Acts 1:6-11
Jesus Taken Up Into Heaven
6So when they met together, they asked him, “Lord, are you at this time going to restore the kingdom to Israel?”
7He said to them: “It is not for you to know the times or dates the Father has set by his own authority. 8But you will receive power when the Holy Spirit comes on you; and you will be my witnesses in Jerusalem, and in all Judea and Samaria, and to the ends of the earth.”
At their last meeting with Jesus in the flesh, his disciples again ask their favorite question; “Are you going to become the political Messiah we expected now?” Not unlike kids in the back seat of a car asking, “Are we there yet?” Remember what the disciples’ favorite topic of discussion was during Jesus’ ministry; which of them was the greatest. They were all concerned about what their position of power would be when Jesus ruled from David’s throne. These are the kinds of things people in the church are concerned about before they are filled with the Holy Spirit.
Jesus corrects them by basically saying, “I know you want power. You will receive power, but not the kind you’re expecting.” God is not interested in giving us power over others. He wants to give us power to be his witnesses. I’m sure the disciples thought their vision of a restored kingdom with Jesus on the throne and them as his administrators was very grand, but it only extended to Israel. They wanted and expected to see Israel restored to its glory days as in the time of King David. The power that God had in mind to give went much farther. His plan extended his kingdom to the ends of the earth. As I’ve said before, we may think our plans are big, but God’s plans are much bigger.
9After he said this, he was taken up before their very eyes, and a cloud hid him from their sight.
10They were looking intently up into the sky as he was going, when suddenly two men dressed in white stood beside them. 11“Men of Galilee,” they said, “why do you stand here looking into the sky? This same Jesus, who has been taken from you into heaven, will come back in the same way you have seen him go into heaven.”
After Jesus spoke his final words to his disciples, he was taken up into heaven. This was different than the way Elijah was taken up (2 Kings 2:1, 11), and it was also different than the way Jesus had been appearing to his disciples and disappearing over the last 40 days. Why did Jesus not simply vanish into his Father’s presence? Why this visual display of ascension? Because if Jesus had simply vanished, his disciples might have expected him to continue to appear to them. As he ascended, a cloud hid him from their sight. Was this a cloud of the Shekinah glory of God, or just a cloud? We don’t know, but we know from the testimony of the angels that Jesus will return in the same way that they saw him go. Jesus himself said that when he returns, “men will see the Son of Man coming in clouds with great power and glory (Mark 13:26).” The clouds at Jesus’ return will not be natural clouds, so it seems likely that this was not a natural cloud either.

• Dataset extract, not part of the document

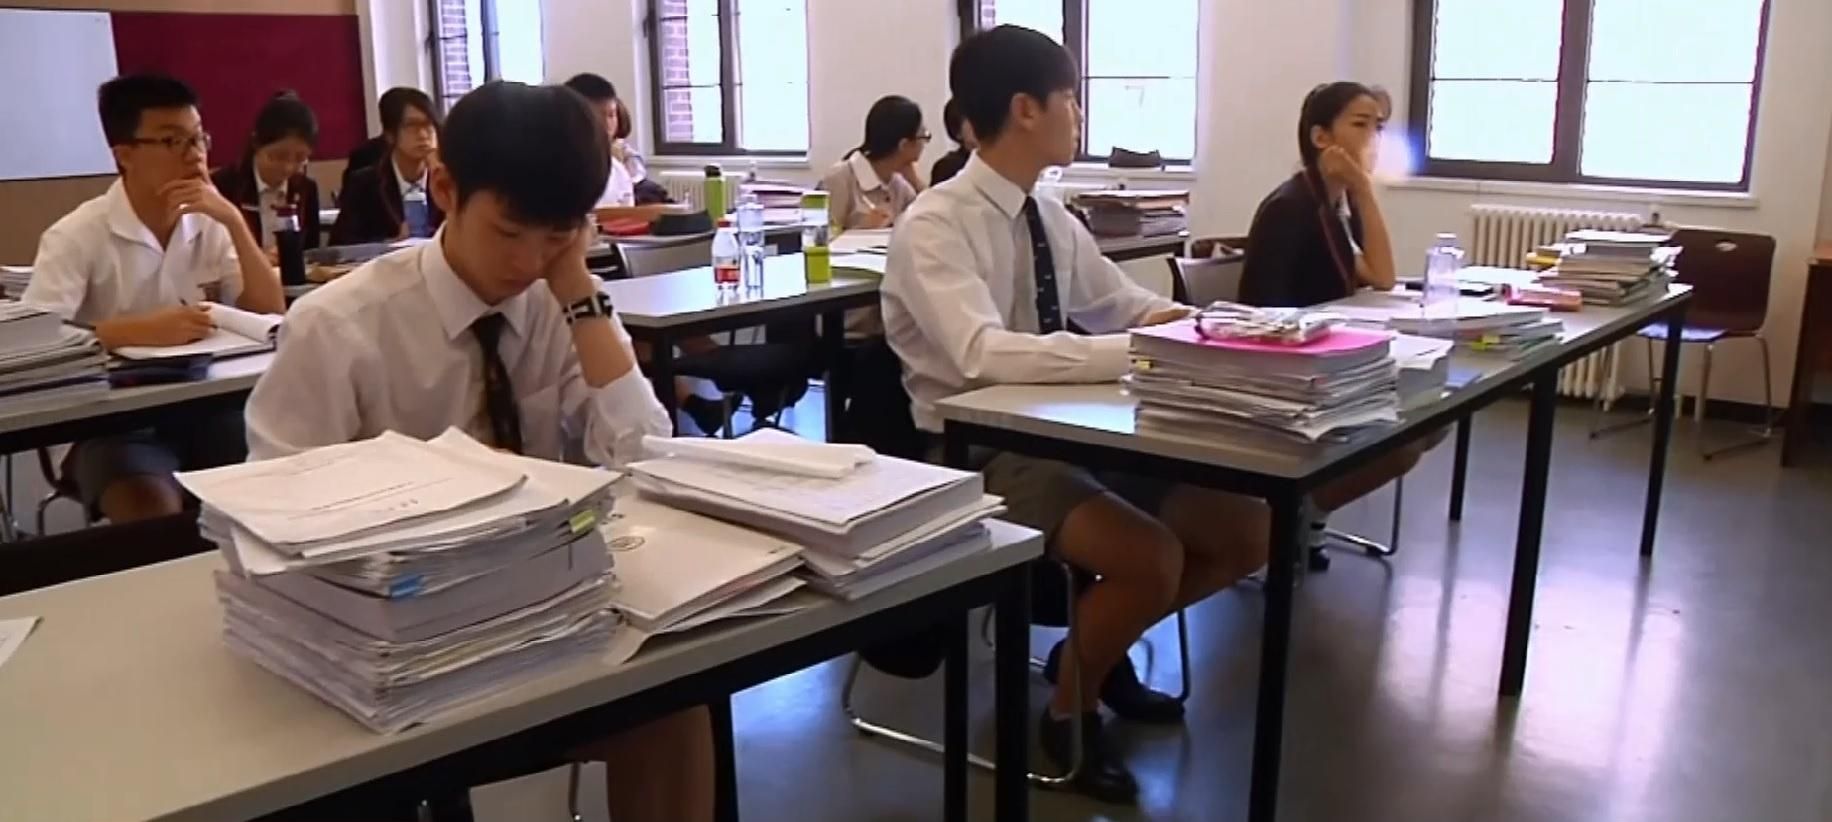 В Китае растет популярность международных школ

It seems probable to me that the two men dressed in white are the same two angels who were at the resurrection (Luke 24:4). Angels attended Jesus in the wilderness after he was tempted (Matthew 4:4) and an angel strengthened Jesus in the Garden of Gethsemane (Luke 22:43). I can’t help but wonder if these two angels were charged with attending to Jesus in times of need throughout his ministry. They were witnesses to his resurrection, and now to his ascension. Their words to the disciples here are strikingly similar to their words at the empty tomb; “Why do you look for the living among the dead?” Here, it’s “why do you stand here looking into the sky?” Both activities were pointless. He wasn’t in the tomb, and he had been taken up out of their sight. At the tomb, the angels reminded them of what Jesus had told them about his death and resurrection. Now they remind them of Jesus’ promise to return. Instead of doing what Jesus told them to do (wait in Jerusalem and pray for the Holy Spirit), they were staring up into the sky. Aren’t we guilty of the same thing? We too are charged with being his witnesses. Christians of the 21st Century, why do we spend our time on things that are as pointless as looking for the living among the dead, or staring up into the sky? This same Jesus will return in the same way his disciples saw him go, so we must be about his business, doing the things he commanded us to do.